PROVIDED DATA:
--- --- ---
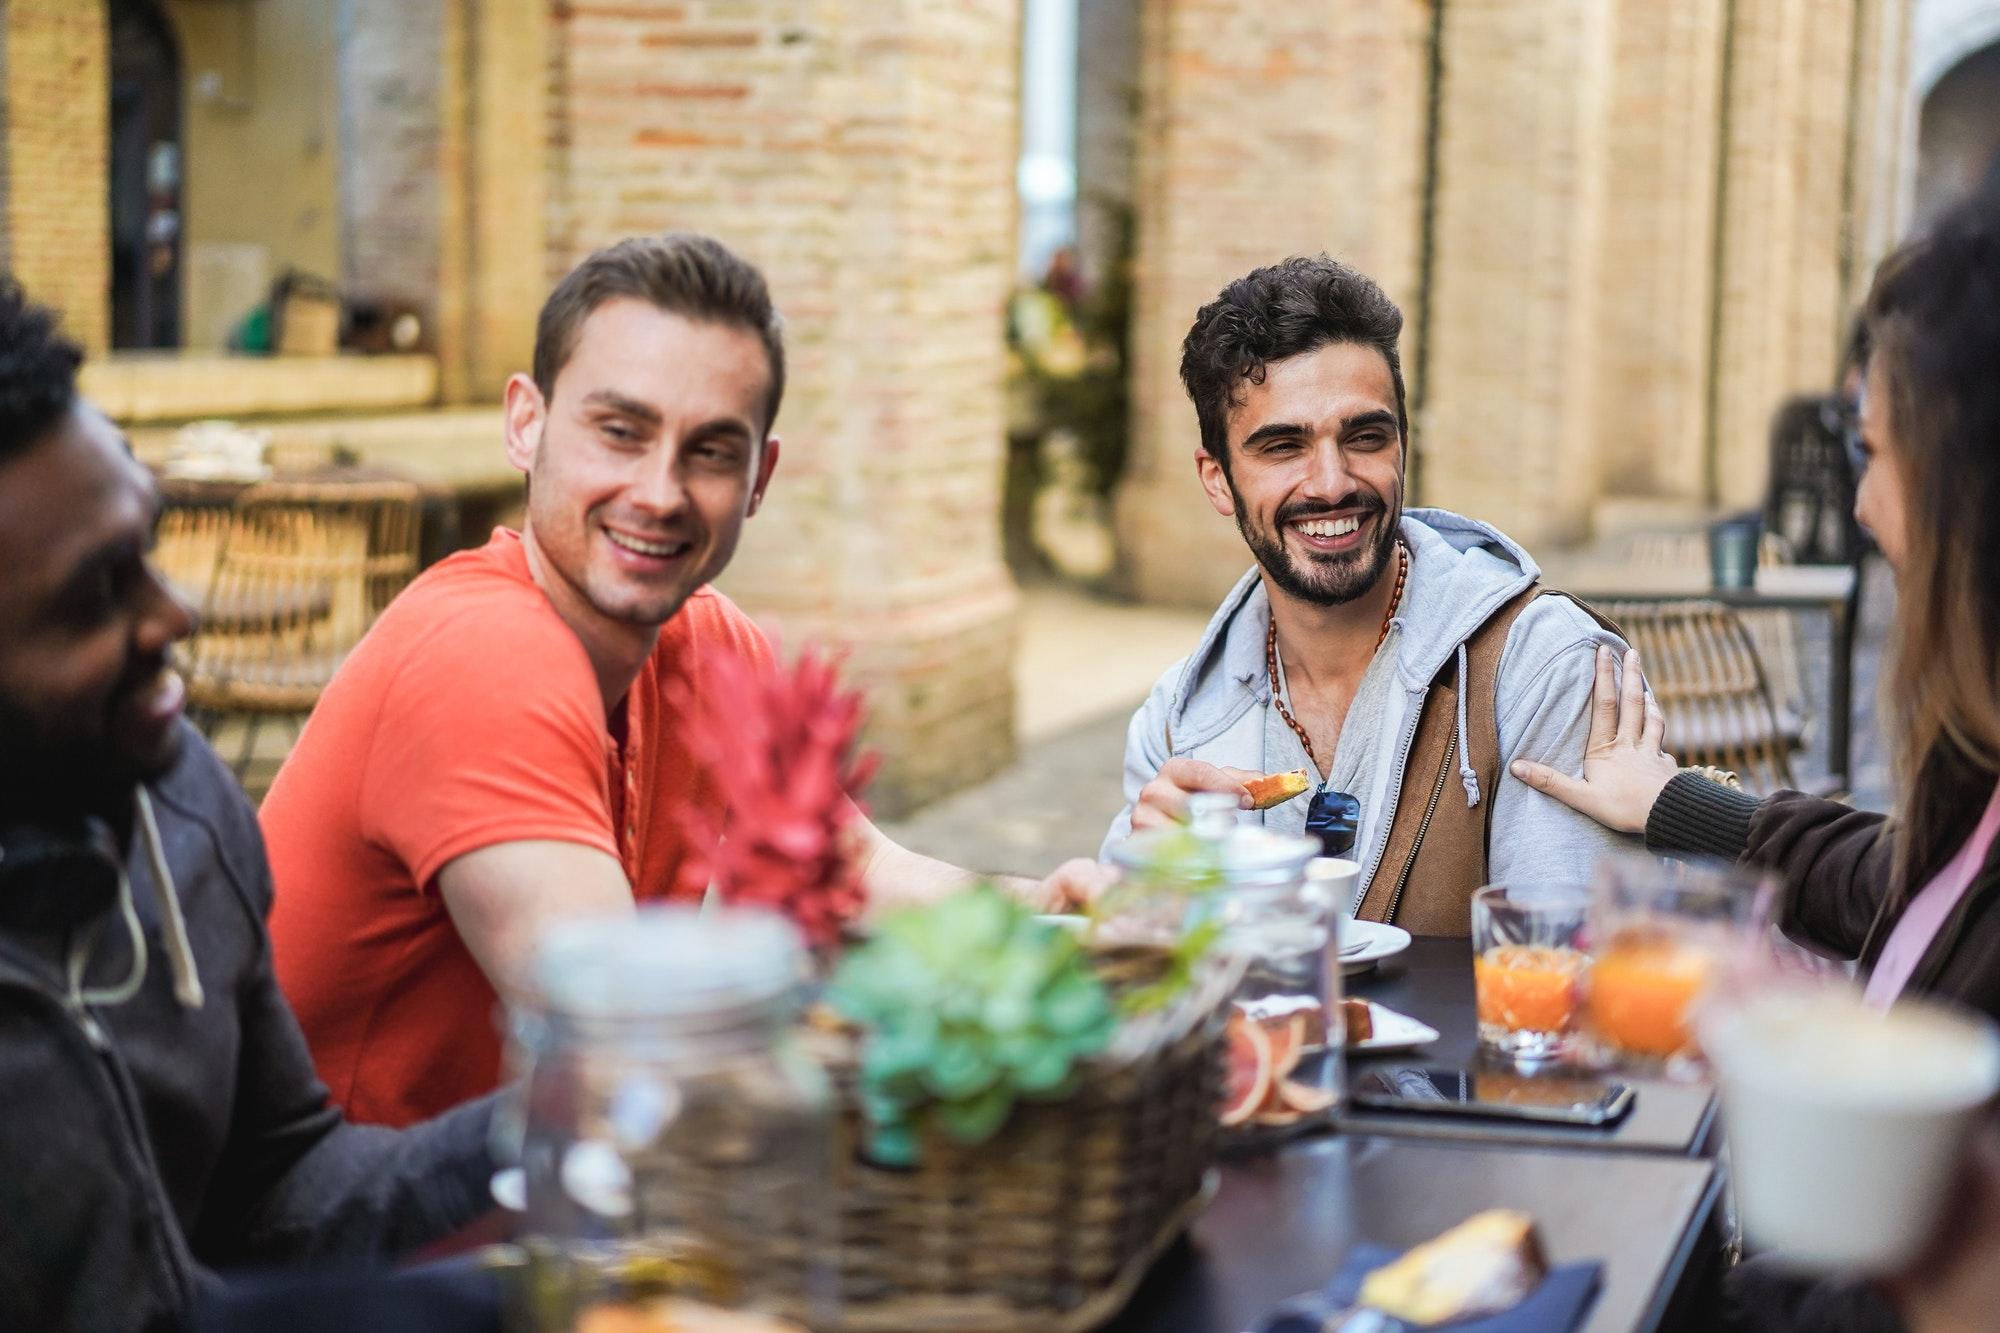 groupe de jeunes adultes rient autour d'une table
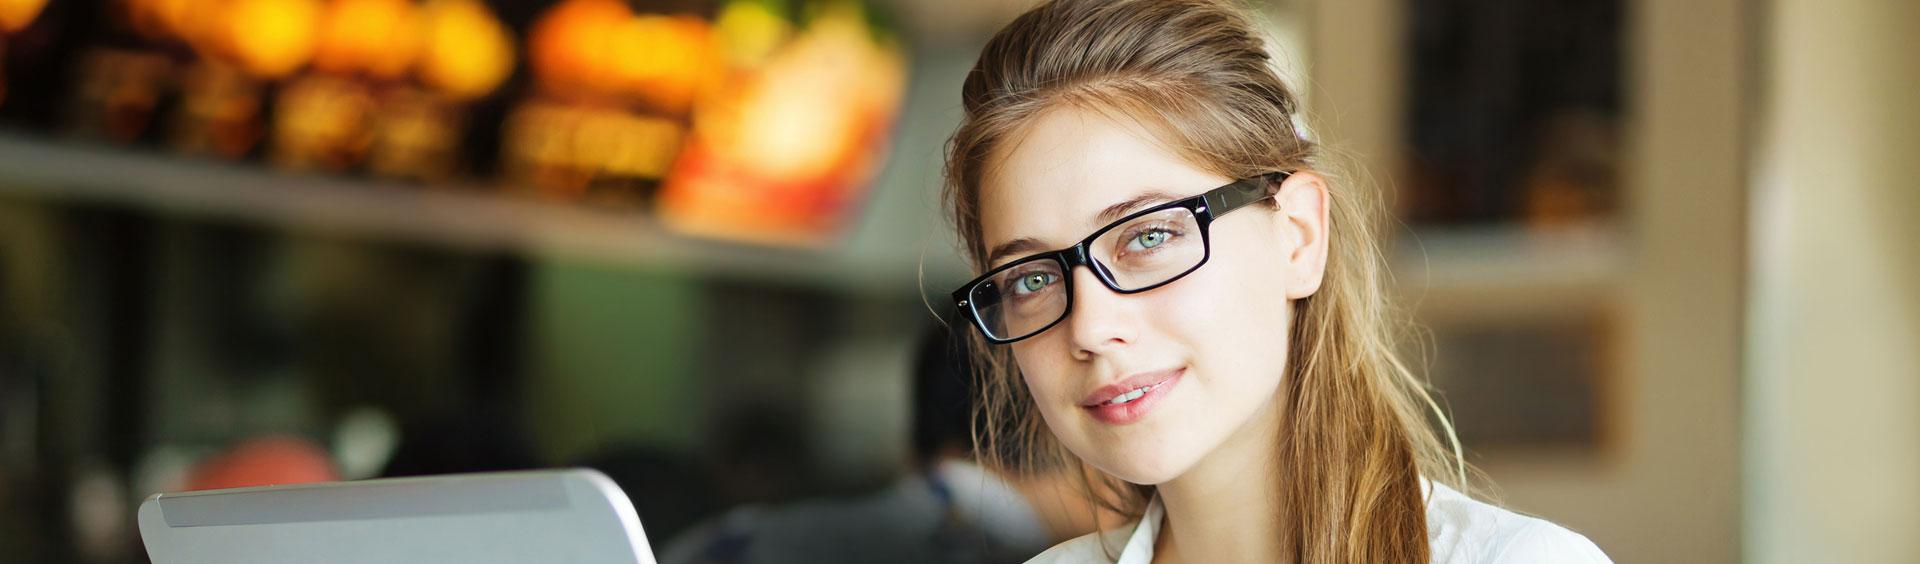 Jeune fille portant des lunettes derrière son ordinateur
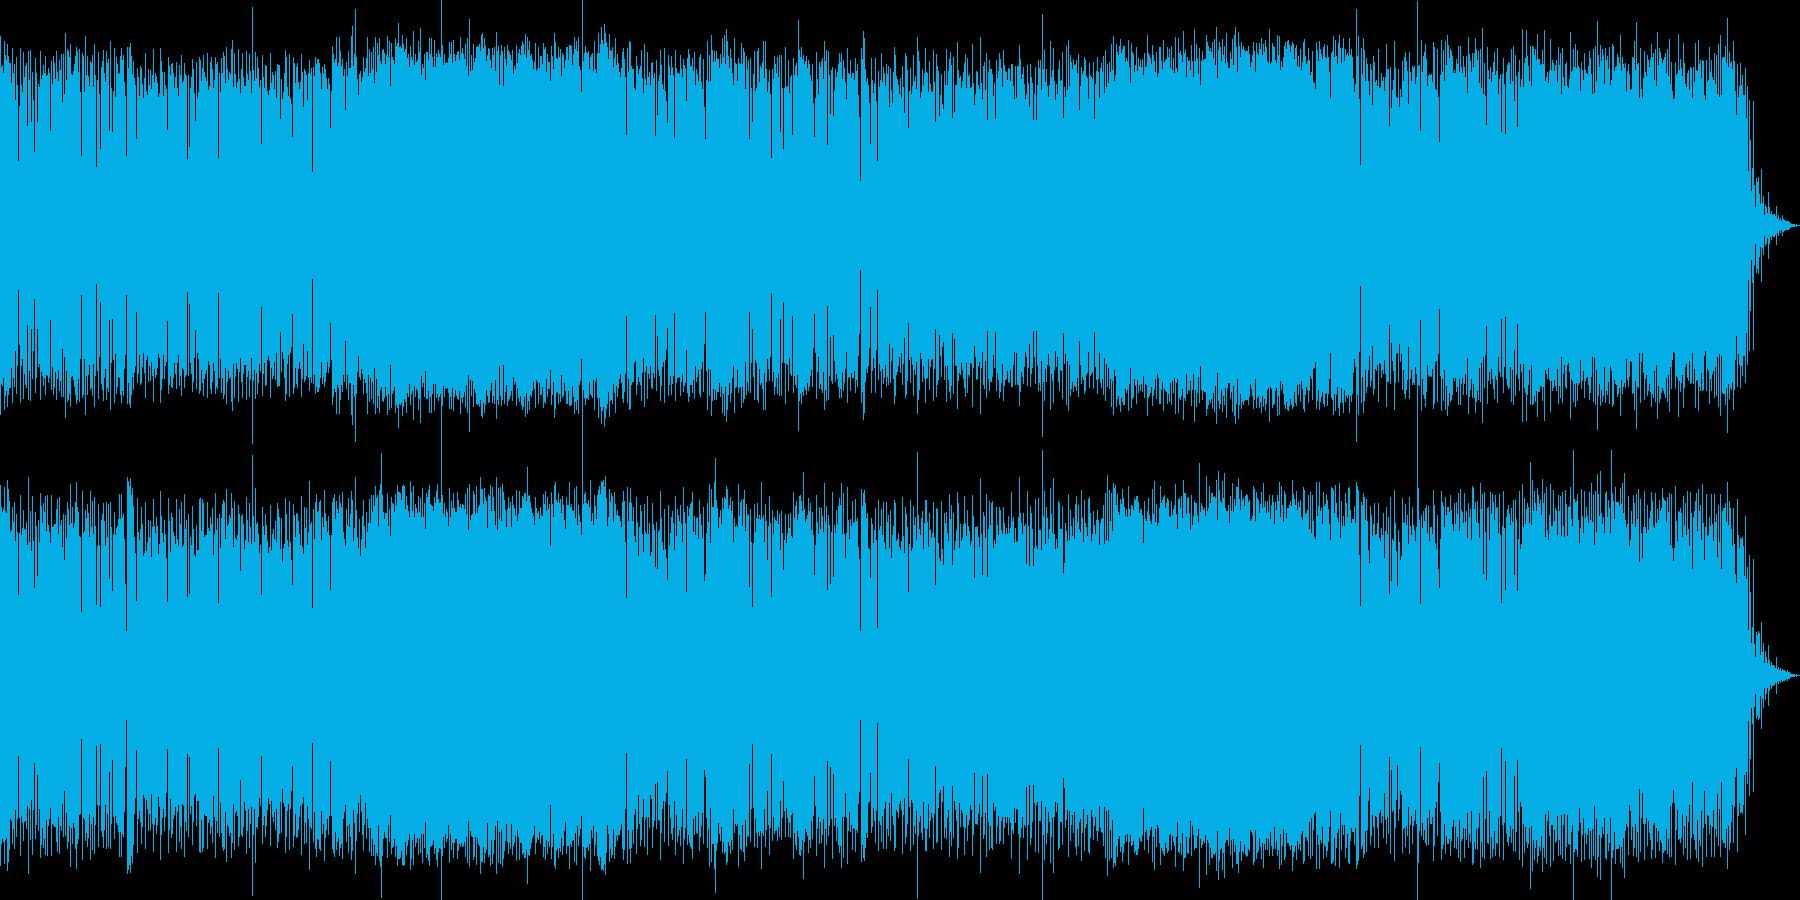 陽気でバカンスの雰囲気があるファンクの再生済みの波形
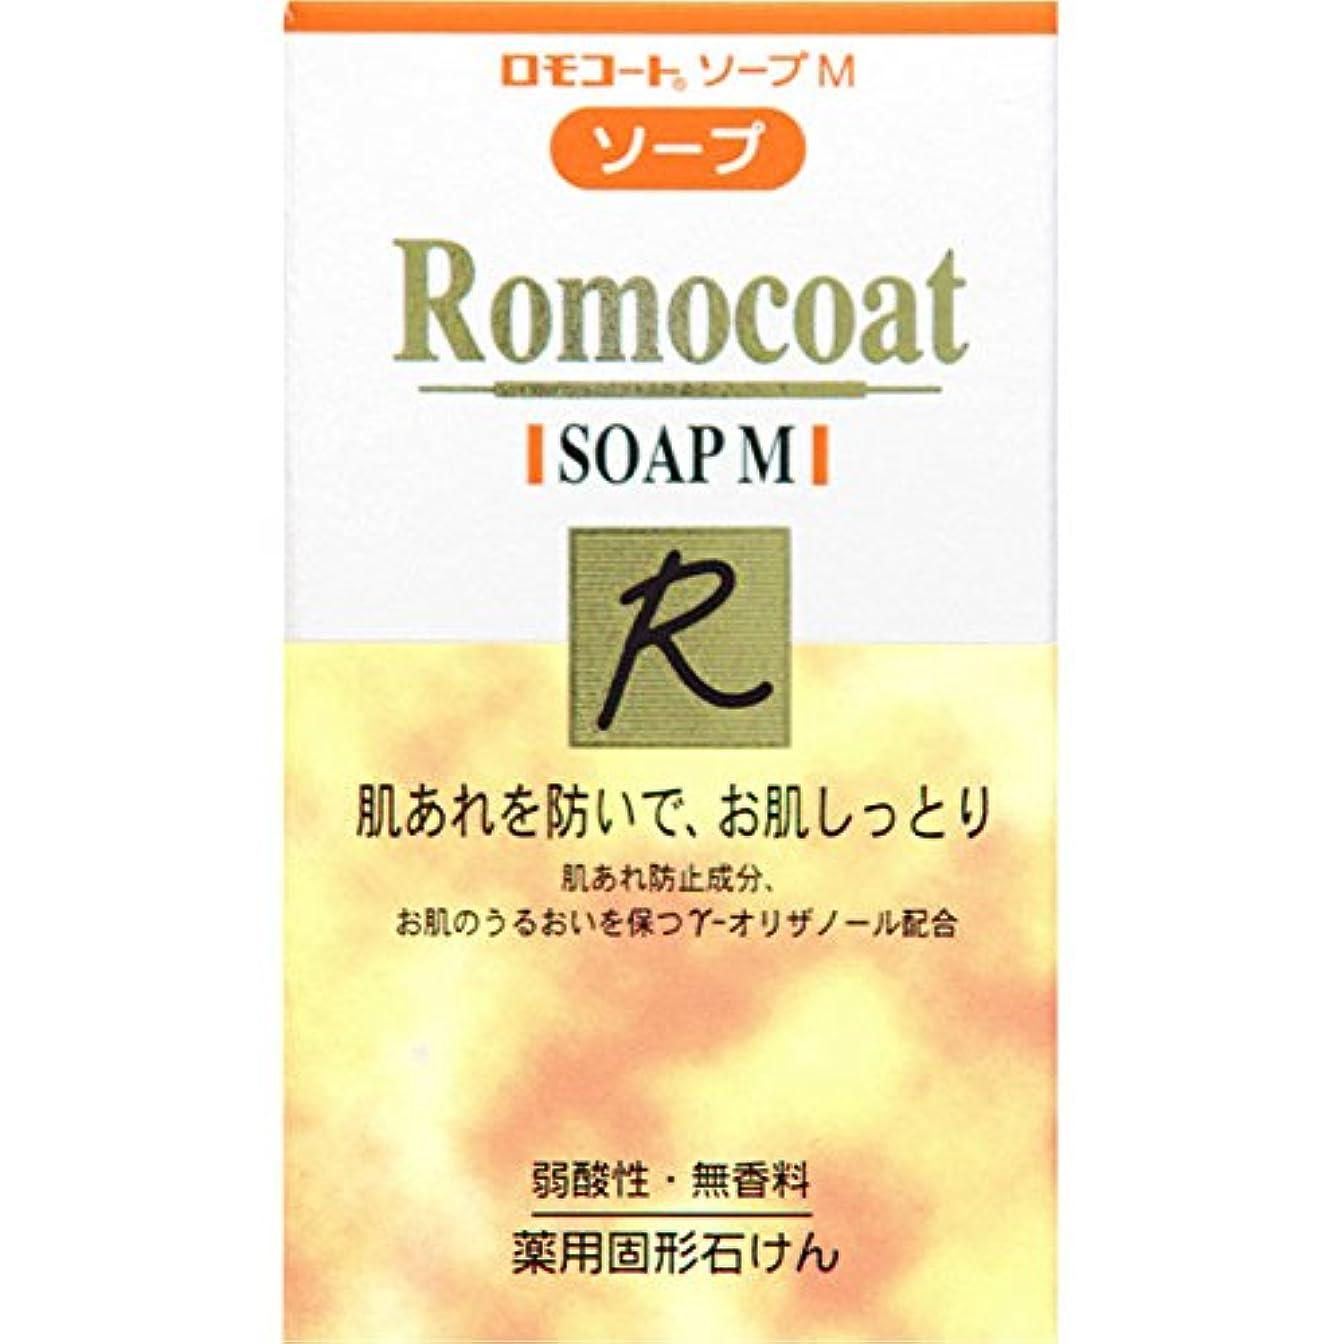 輸血狼モスク全薬工業 ロモコート ソープM 60g (医薬部外品)
--- --- ---
WHAT THE TASK REQUIRES:
Transcribe the material as is, with images omitted.

TASK ANSWER:
 groupe de jeunes adultes rient autour d'une table
 Jeune fille portant des lunettes derrière son ordinateur
 陽気でバカンスの雰囲気があるファンクの再生済みの波形
 輸血狼モスク全薬工業 ロモコート ソープM 60g (医薬部外品)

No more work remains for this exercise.